Я ничего не ответила и, помолчав некоторое время, поставила пустую чашку на стол и спросила:

— Так какую жизнь ты советуешь мне вспомнить?

— Ту, в которой не было меня, — снова рассмеялся он.

— Ну подскажи мне хоть немного.

— А ты рассуждай логически, — продолжил он весело, — если меня не было рядом, то кто бы мог в давние времена тебя обеспечивать? Наверное, никто, раз ты считаешь, что замужем ты была только за мной. Значит, представляй себя бедной оборванкой и попадешь в цель.

— Ты все шутишь, — укоризненно сказала я, — а я, вот, сейчас на самом деле попытаюсь представить себя какой-нибудь странницей, посмотрим тогда, что из этого выйдет.

— Да я, собственно, почти что не шутил, — сказал он, разводя руками, — так что приступай, а я пока покурю.

Прошло сравнительно немного времени, и я начала рассказывать.
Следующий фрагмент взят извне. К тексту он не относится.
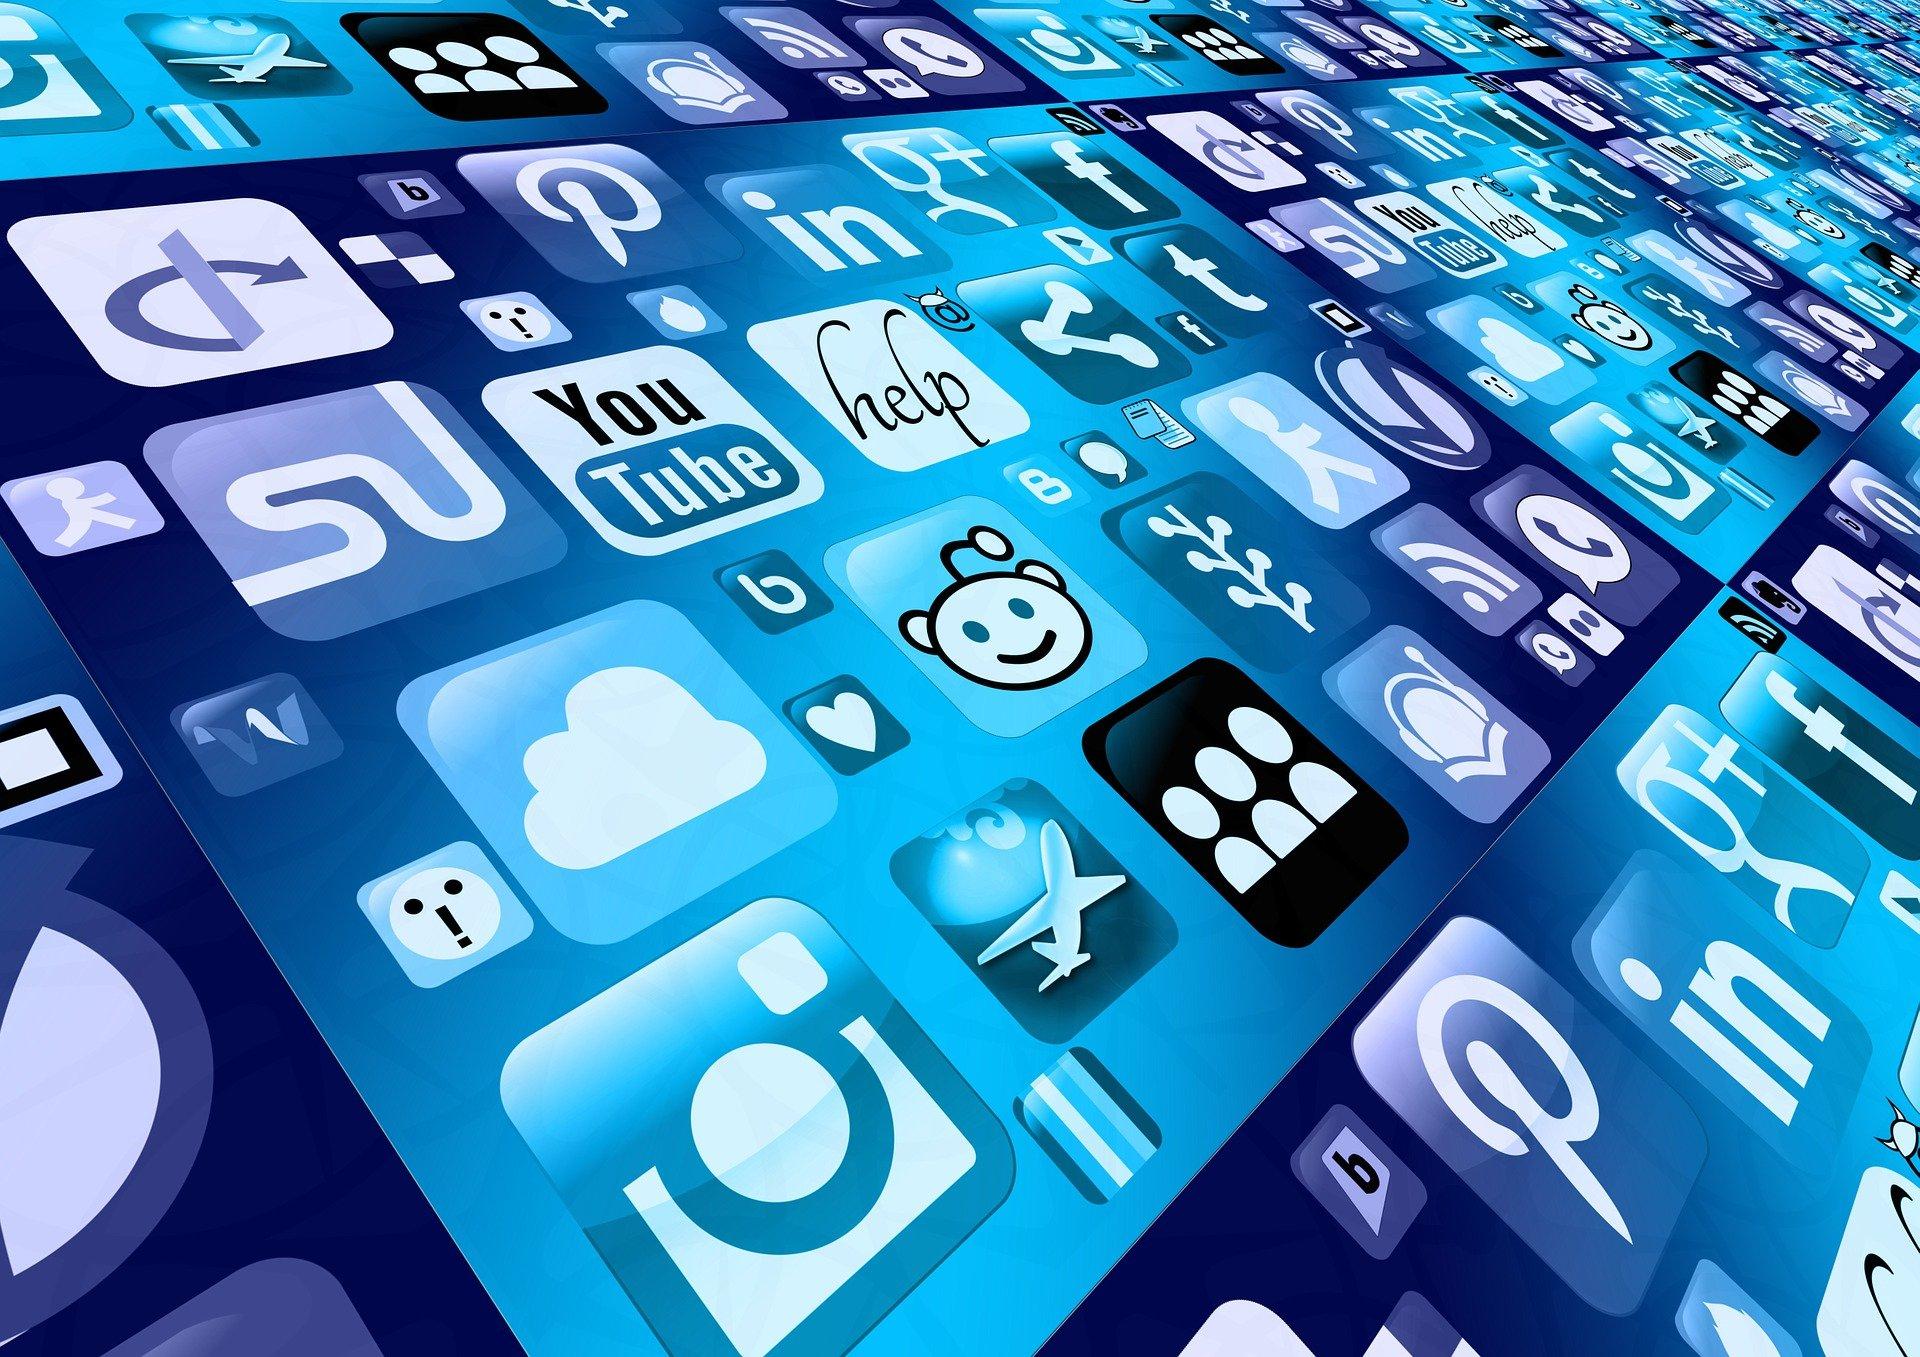 קידום רשתות חברתיות

Я иду по разъезженной, пыльной дороге вдоль зеленеющего пахучими травами луга. К сожалению, надетая на мне бедная, залатанная одежда простолюдинки не дает возможности определить ни год, ни век, когда все это происходит. У меня очень светлые волосы, которые, выбиваясь из-под чепца, спадают мне на плечи тонкими почти прозрачными прядями. Я так молода, что ко мне вполне подходит определение «девочка-подросток».
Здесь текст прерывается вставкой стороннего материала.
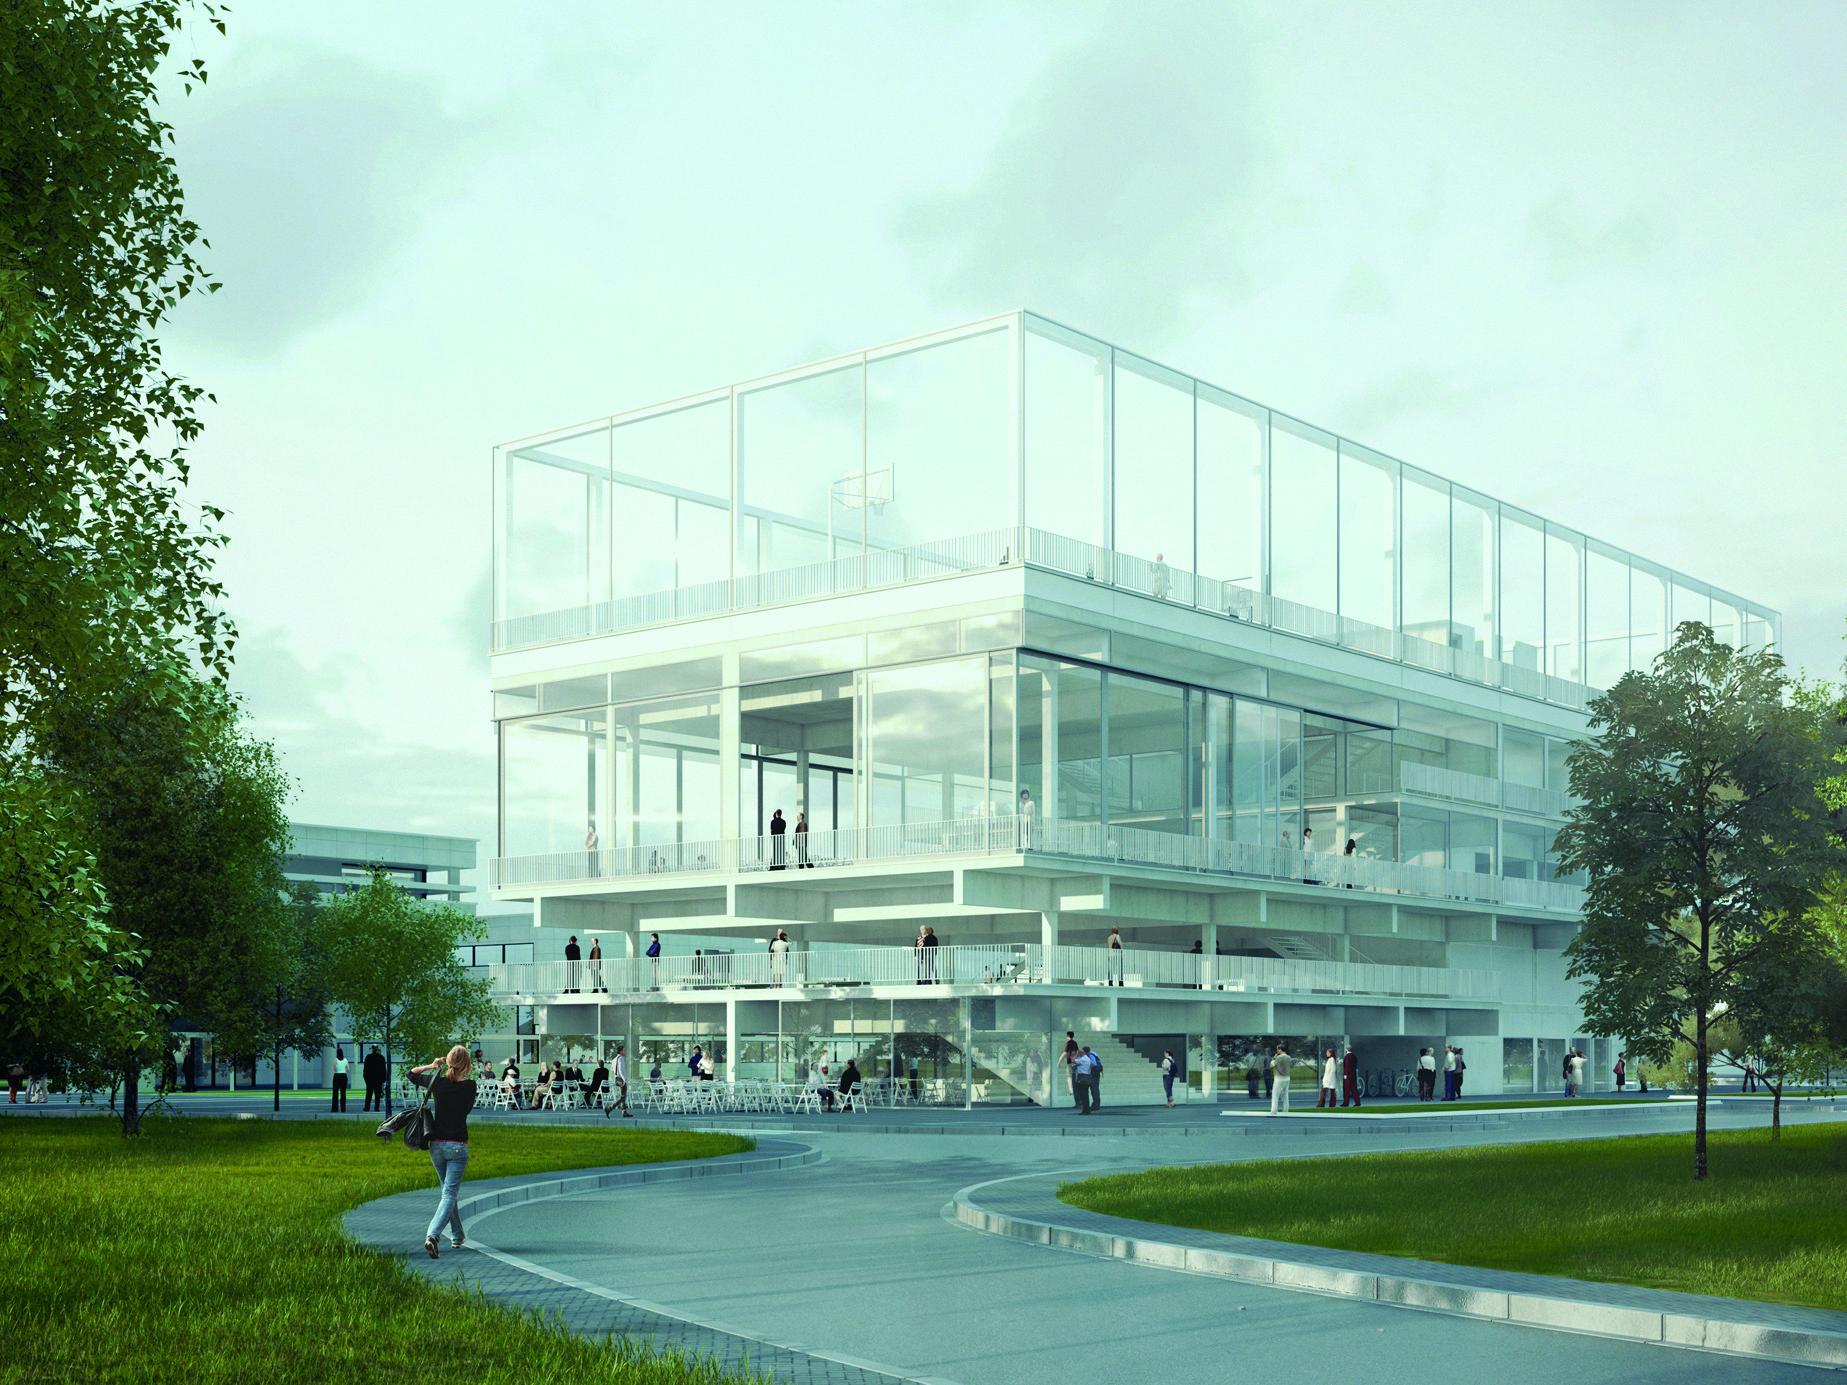 Public Condenser. Imagen Cortesía de Muoto Architects

Я очень неуверенно двигаюсь, все время придерживаясь за плечо какого-то взрослого мужчины, который несет на длинном, перекинутом через плечо ремне предмет, сильно напоминающий шарманку. Мы молча бредем по этой бугристой дороге, время от времени спотыкаясь об острые камни.
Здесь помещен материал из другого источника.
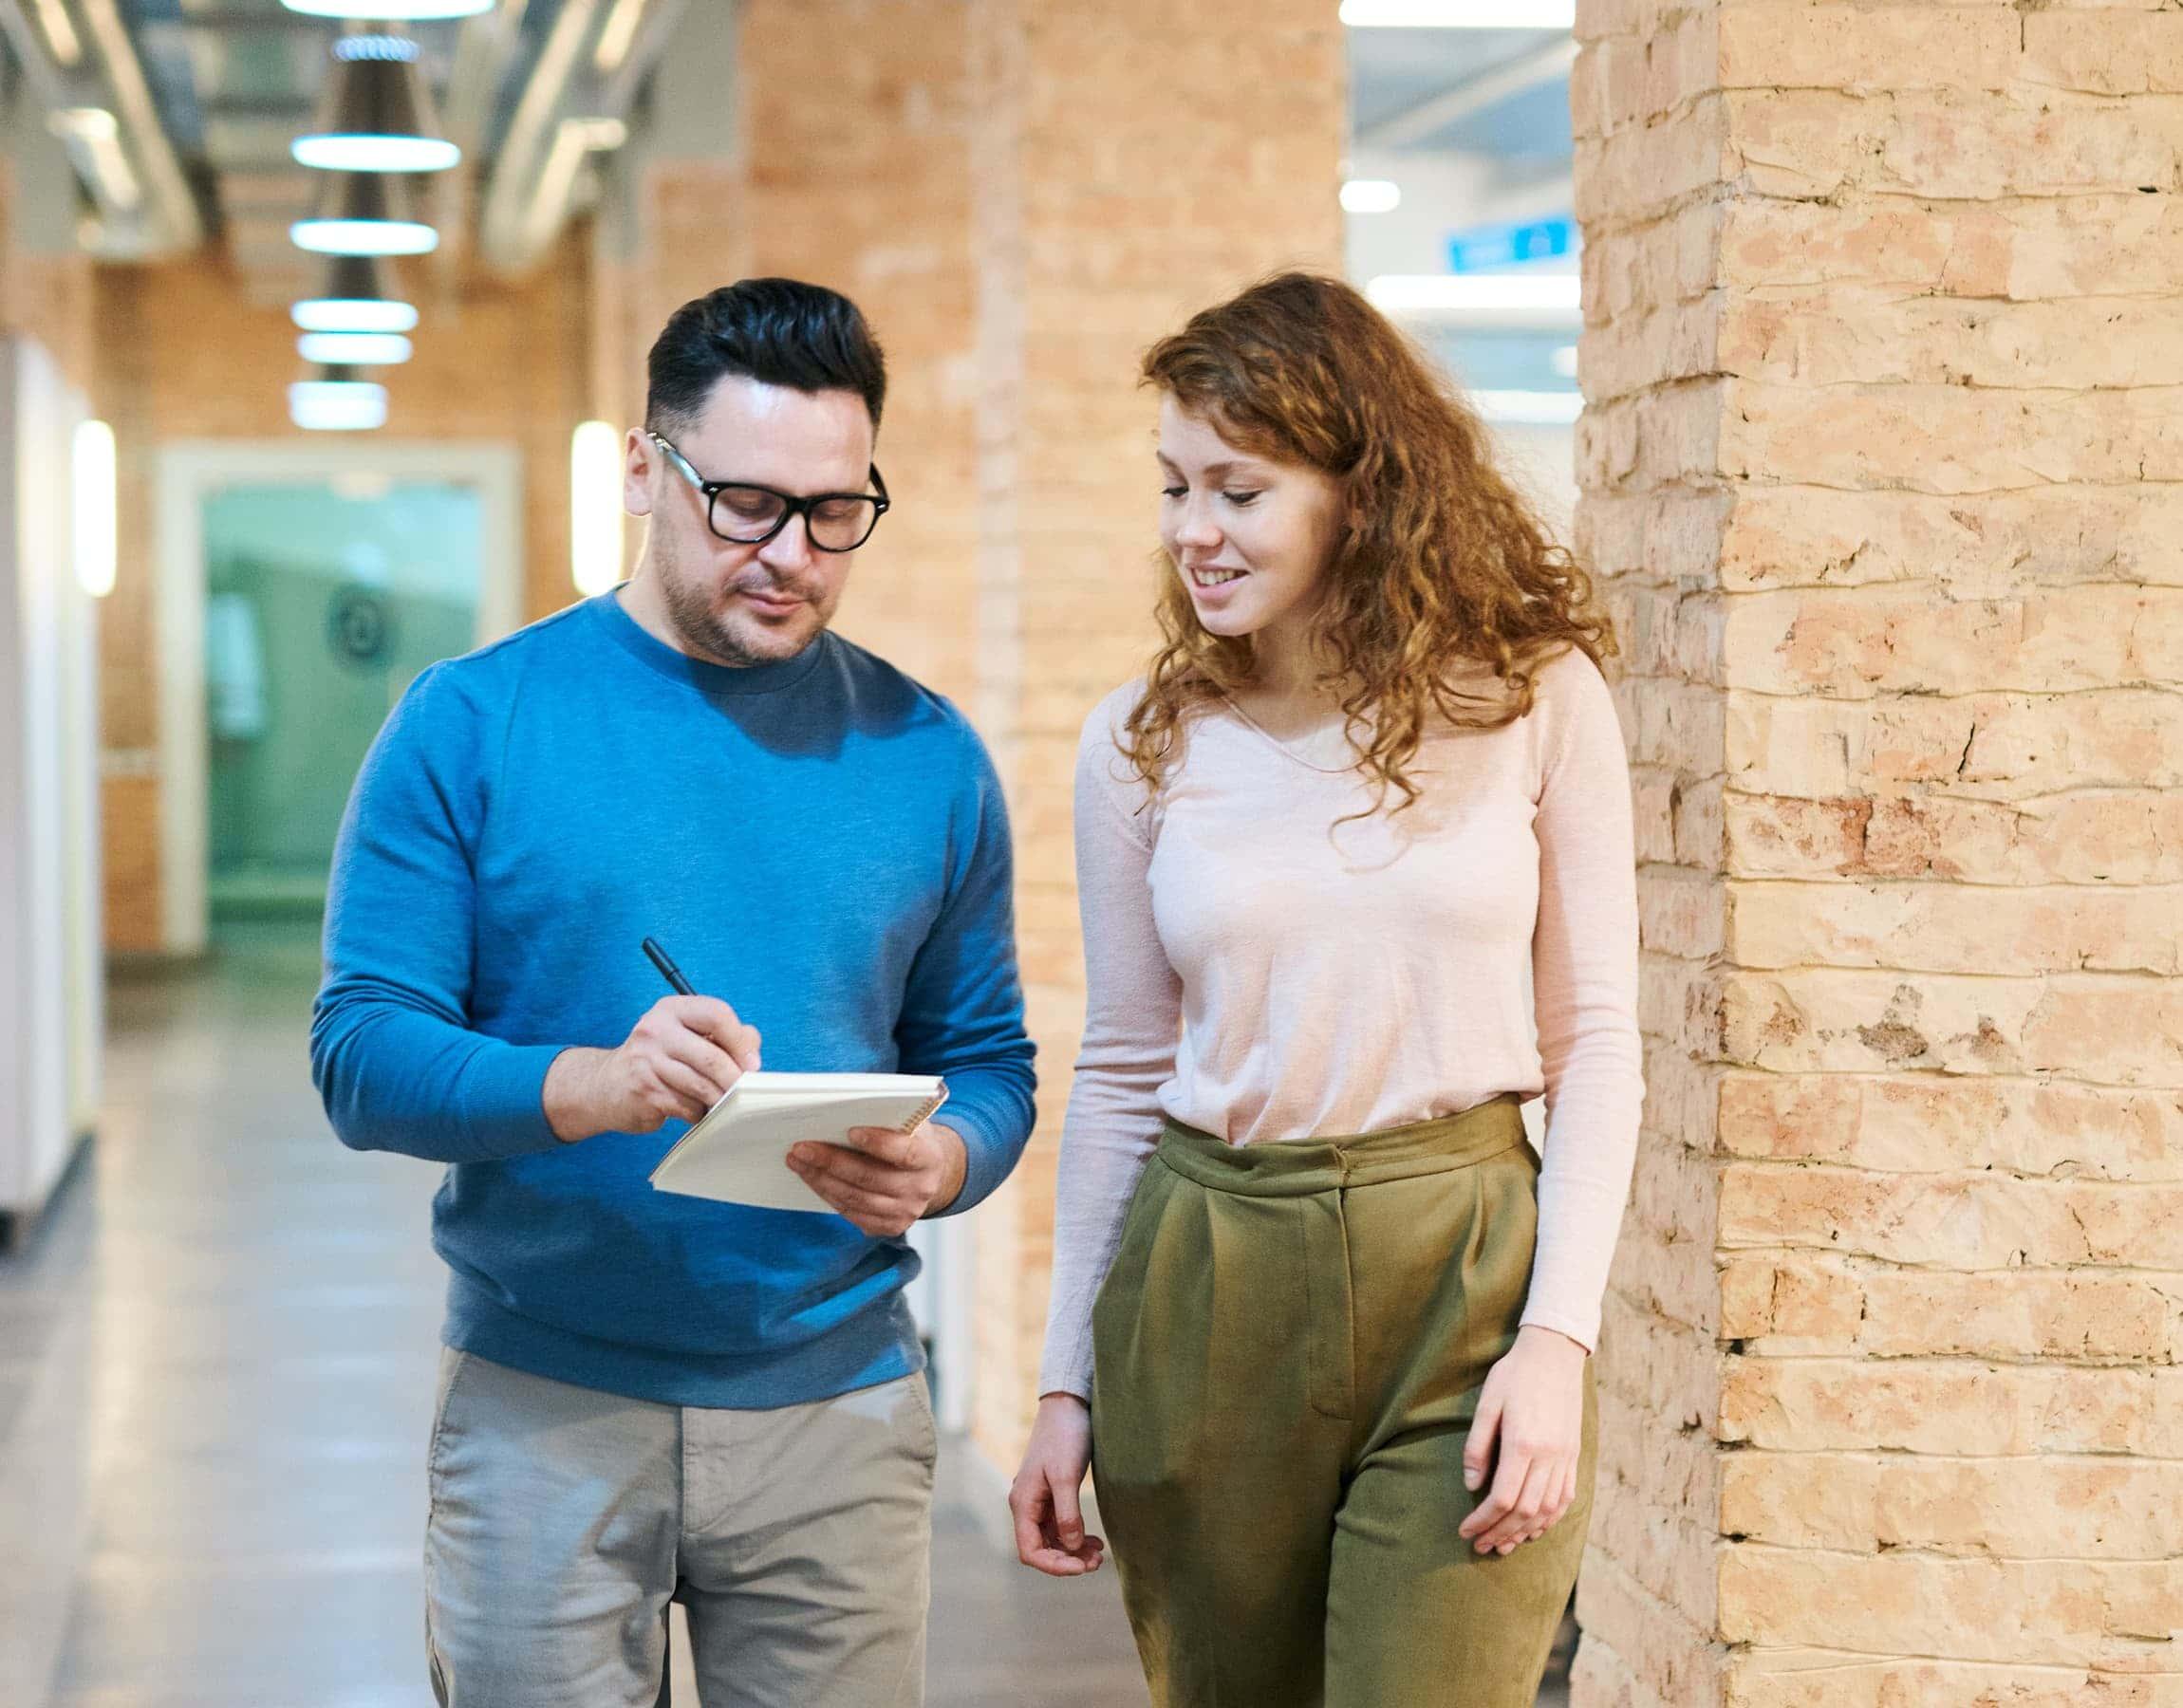 Uomo e donna in un corridoio

Мои светло-голубые глаза широко открыты и готовы воспринимать все краски мира, однако от рождения они наделены только способностью отличать свет от тьмы. Я почти слепая, а потому вынуждена постоянно держаться за своего бородатого спутника.

Этот человек мой отец, точнее сказать, это я думаю, что мы находимся с ним в родстве, а на самом деле однажды, когда мне было совсем мало лет, он просто прихватил меня с собой, освободив тем самым хозяйку какого-то придорожного трактира от лишнего рта, доставшегося ей в наследство от умершей сестры. В те времена он уже давно бродил со своей шарманкой по разным дорогам и, здраво рассудив, что бедному человеку со слепой дочкой, которая еще и умеет петь задушевные песни, будут давать денег гораздо больше, нежели одинокому, решил меня удочерить. А чтобы я не особенно пугалась, сказал мне, что он мой родной отец, вернувшийся из далекого путешествия. Тетка, у которой я жила после смерти родителей, была очень рада и даже дала нам в дорогу пару буханок хлеба и теплый платок, чтобы закрываться от зимней стужи.

С тех пор мы стали вместе бродить по дорогам Франции, а сердобольные жители городов и деревень, заглядывая в мои прозрачные глаза и, слыша мой хрустальный голос, действительно бросали нам чуть больше медяков или давали немного больше еды.

В общем-то, вся моя жизнь и проходила в этих хождениях от одного дома до другого, от города к городу, из деревни в деревню.

Я вижу, как мы стоим около харчевни, и мой приемный отец договаривается с хозяином о предстоящей работе. Да, да, конечно, мы будем играть и петь весь вечер для гостей, ведь сыновья не каждый день покидают родительский дом, и нужно, чтобы звучало много песен. А за это нам надо-то всего лишь пустяк — хороший сытный ужин, кувшин вина, и охапку соломы, чтобы переночевать где-нибудь под навесом. Ну, а если хозяева будут щедры, то завтра поутру еще и дадут нам ломоть хлеба в дорогу.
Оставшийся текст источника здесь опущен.